REQUIRED ACTION: Could you give the listing again exactly, without its pictures?
GIVEN INFORMATION below:
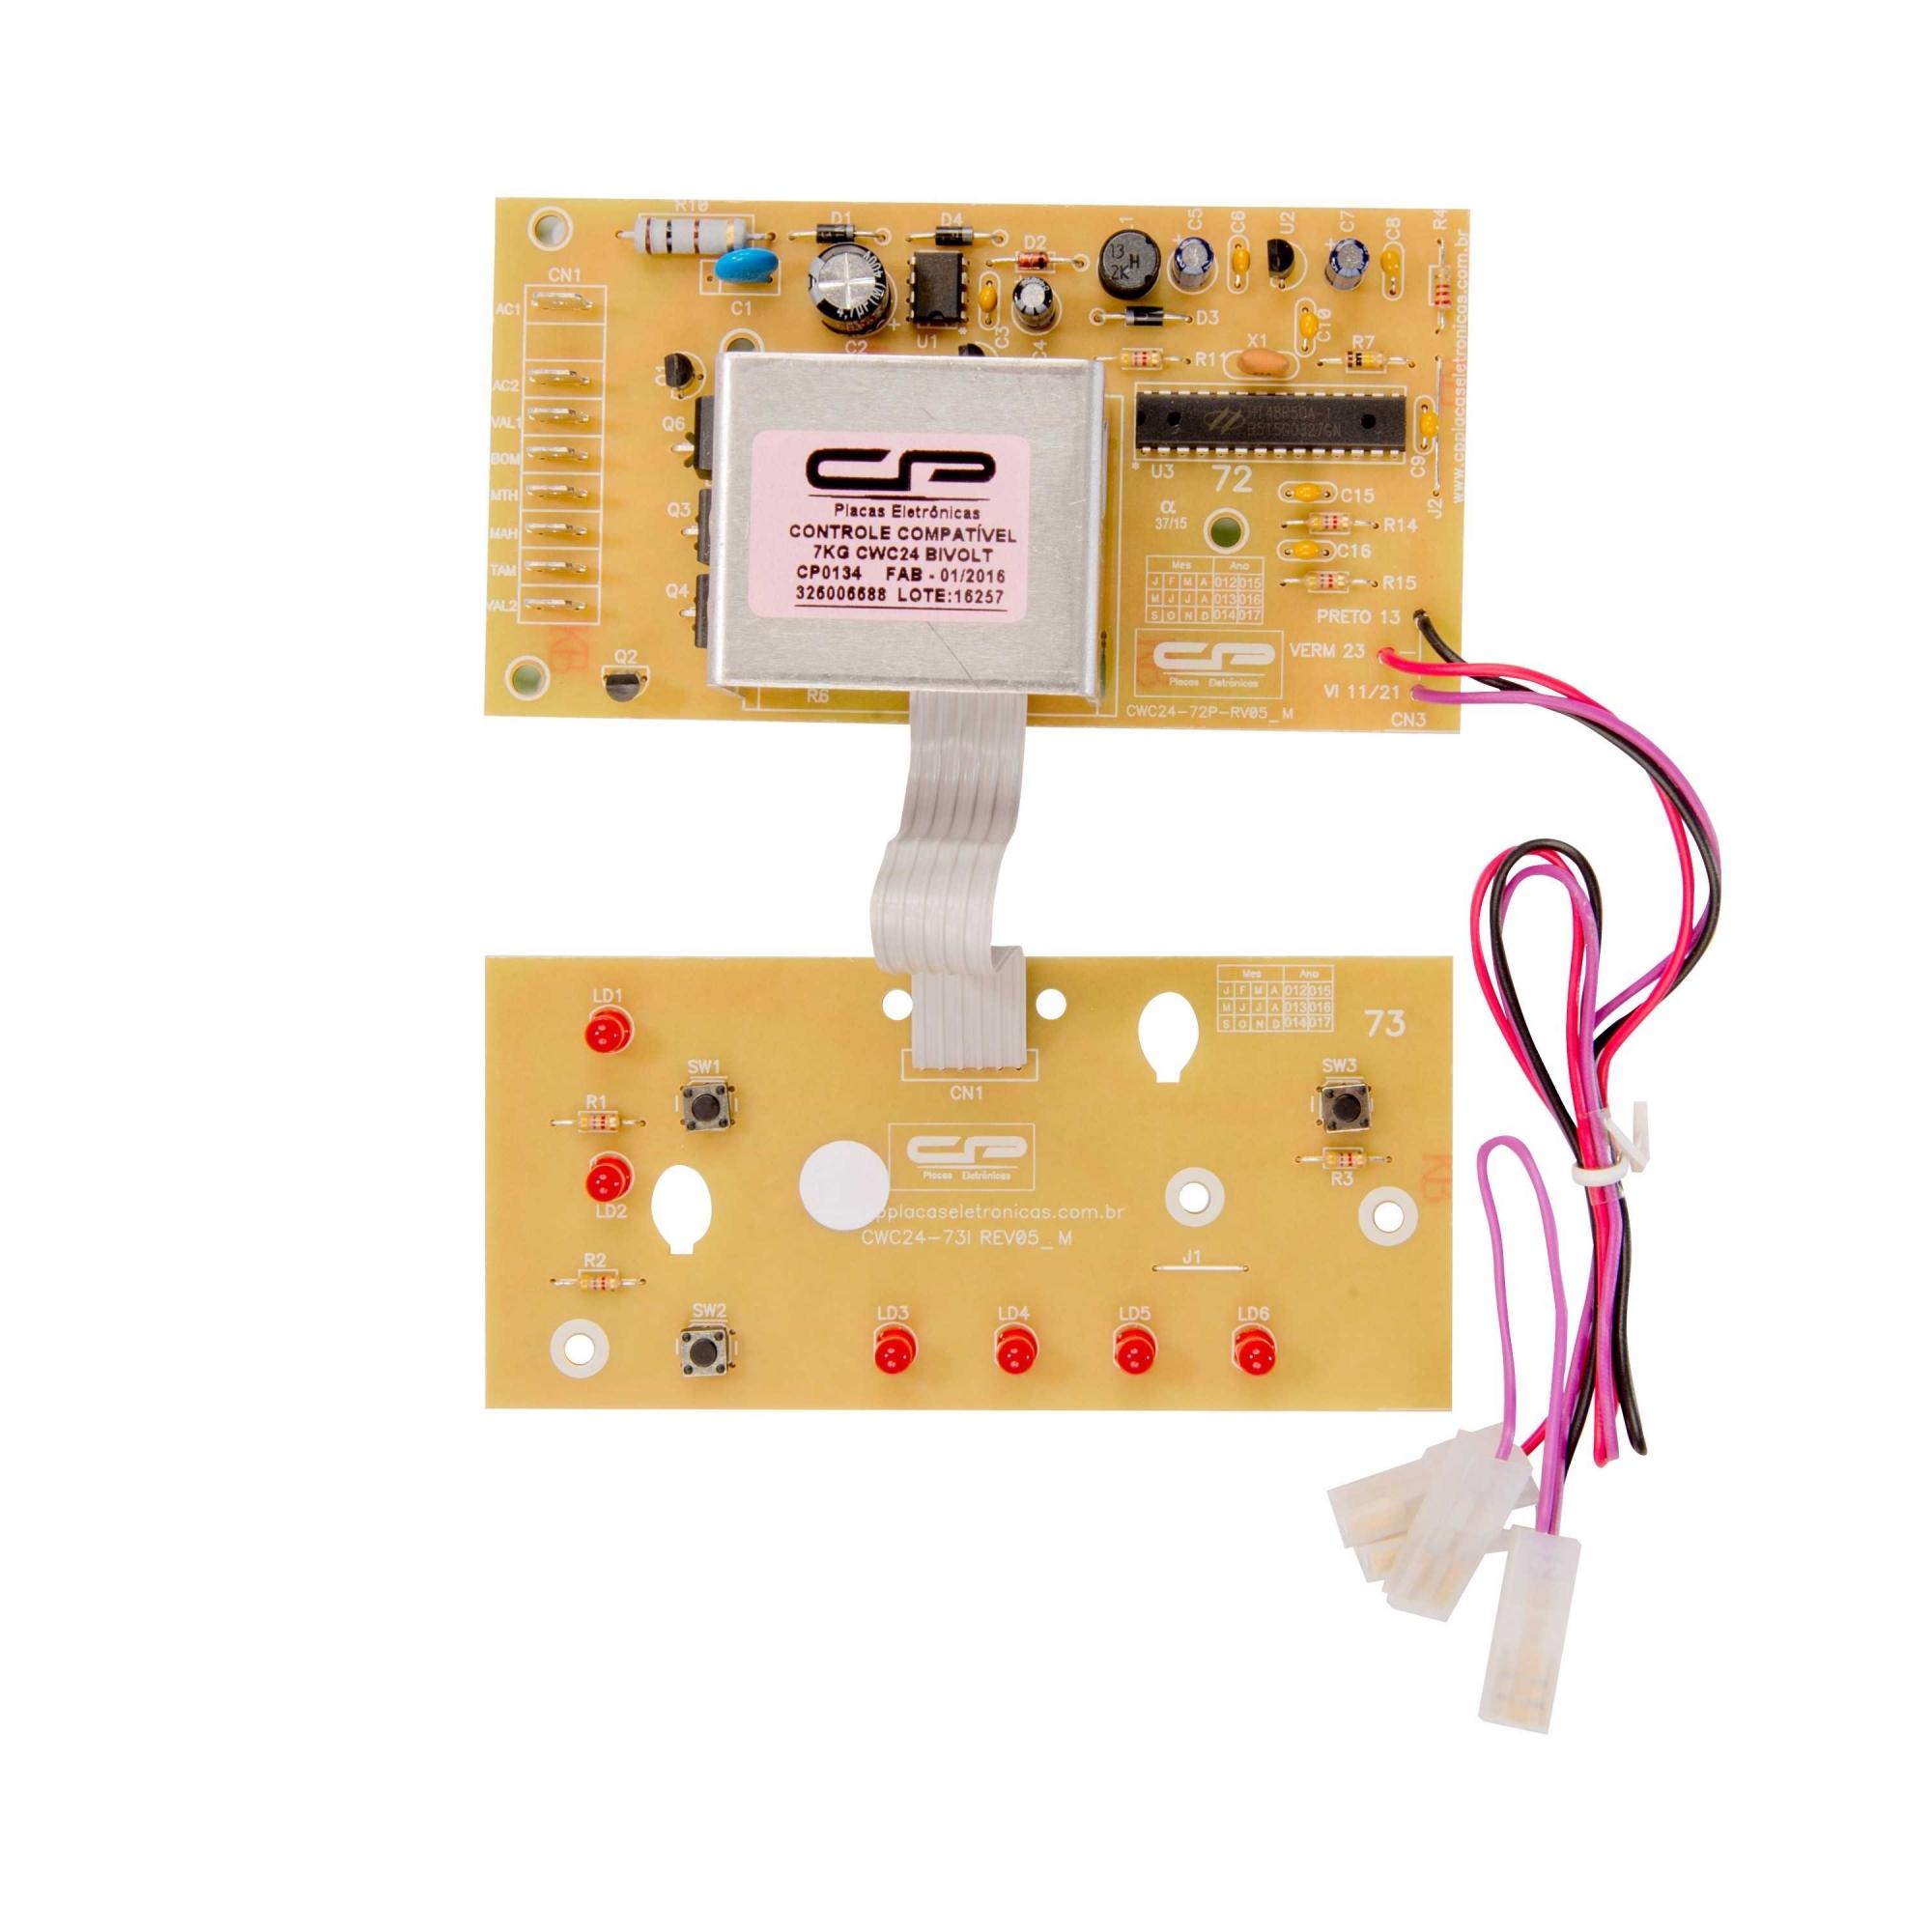 Placa eletronica compatível Lavadora Consul CWC24 7kg
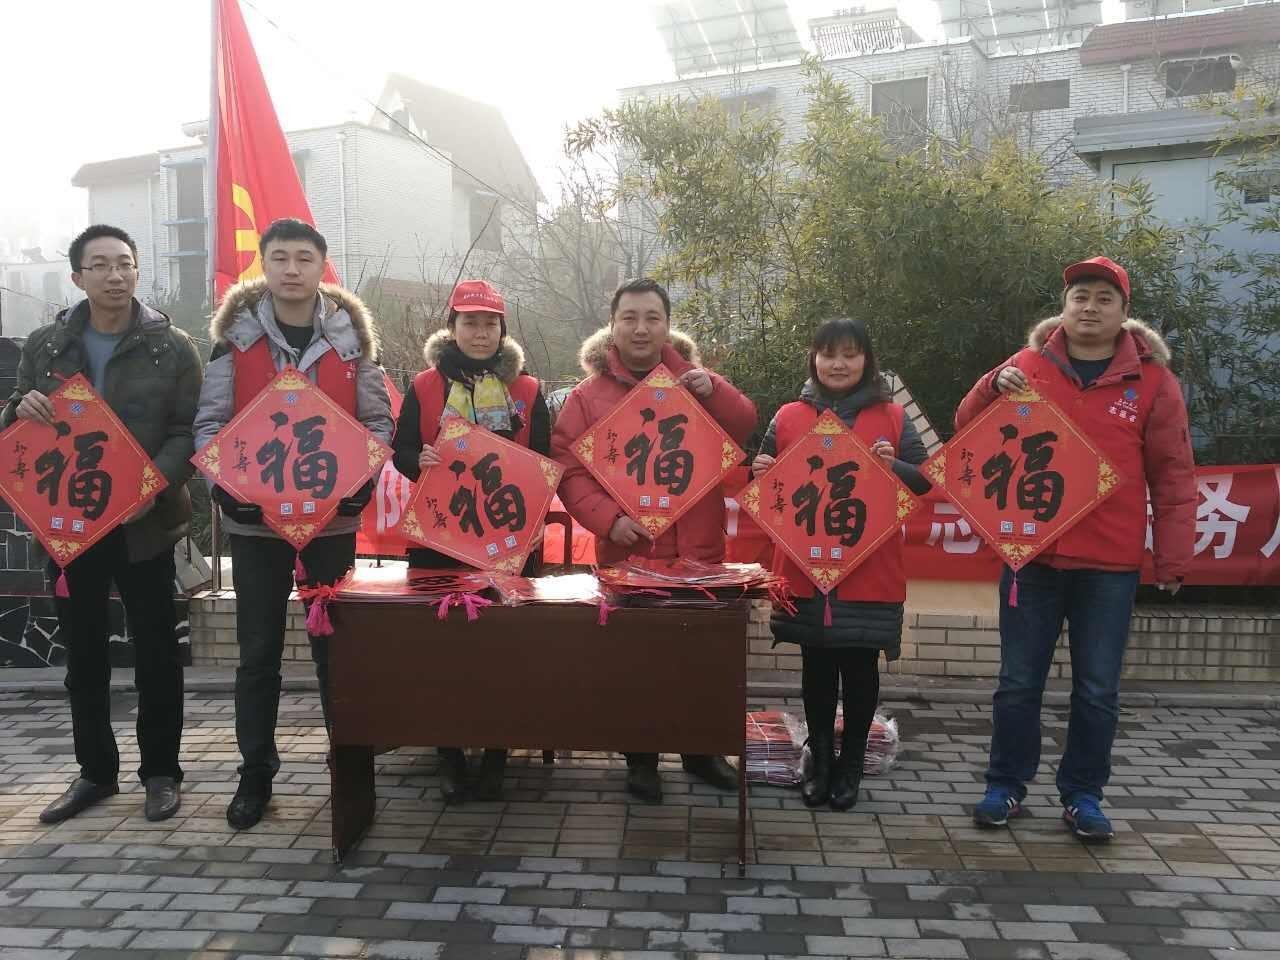 """安阳益和热力公司 开展志愿服务月暨""""送福进社区""""活动"""
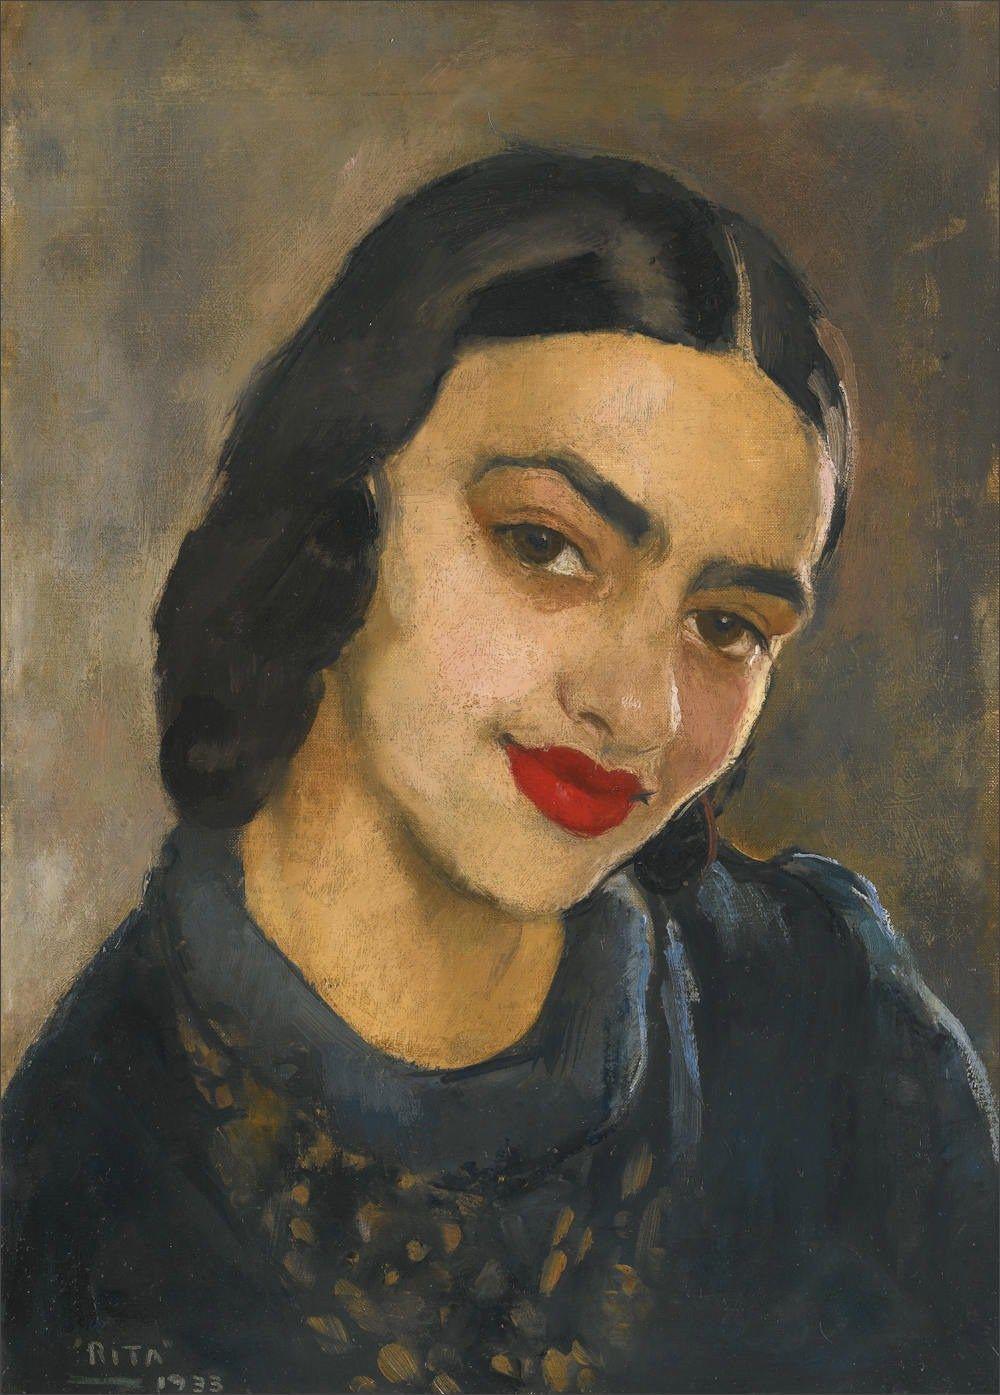 Amrita sher gil · self portrait · 1933 · private collection
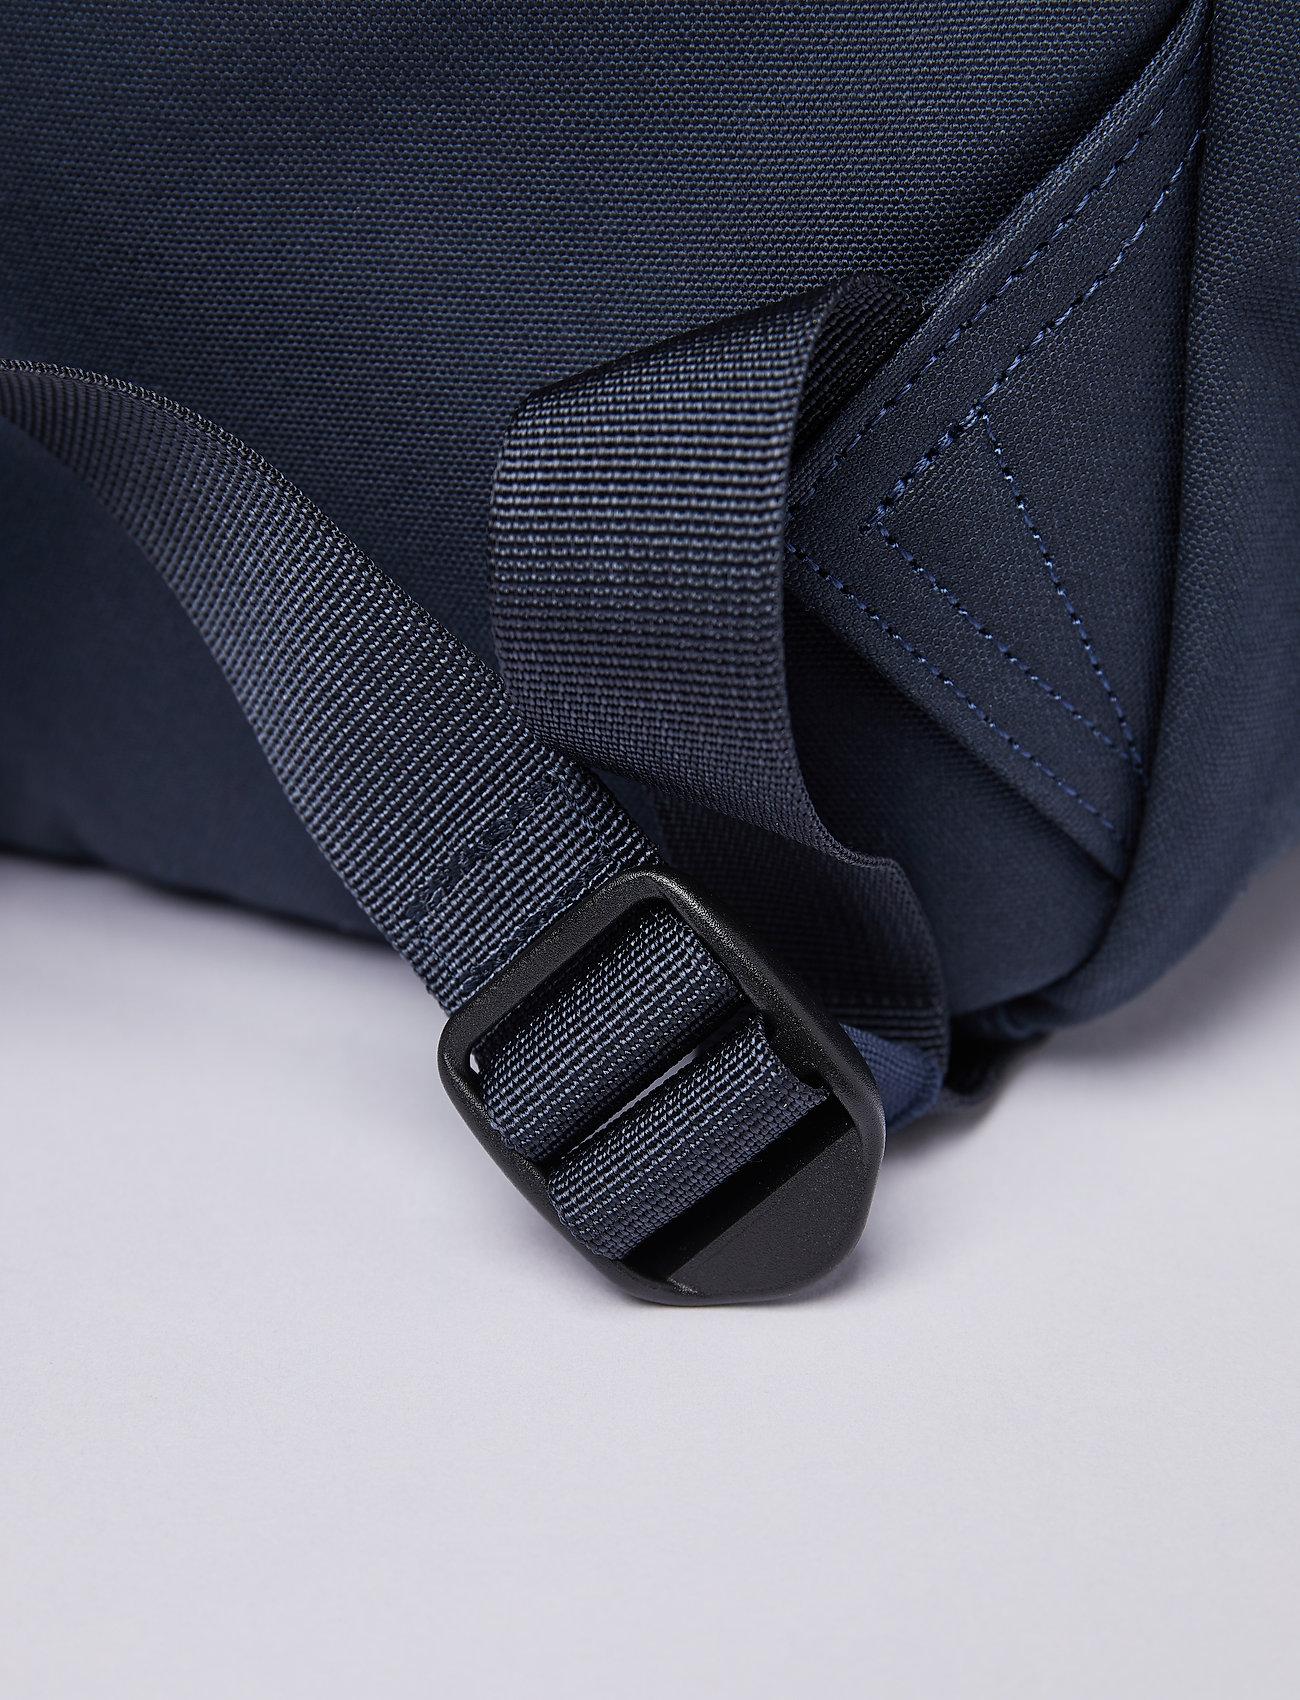 SANDQVIST - KNUT - väskor - navy blue with navy webbing - 8
End of GIVEN INFORMATION.
ANSWER TO THIS EXERCISE:
 Placa eletronica compatível Lavadora Consul CWC24 7kg
 """安阳益和热力公司 开展志愿服务月暨""""送福进社区""""活动"""
 Amrita sher gil · self portrait · 1933 · private collection
 SANDQVIST - KNUT - väskor - navy blue with navy webbing - 8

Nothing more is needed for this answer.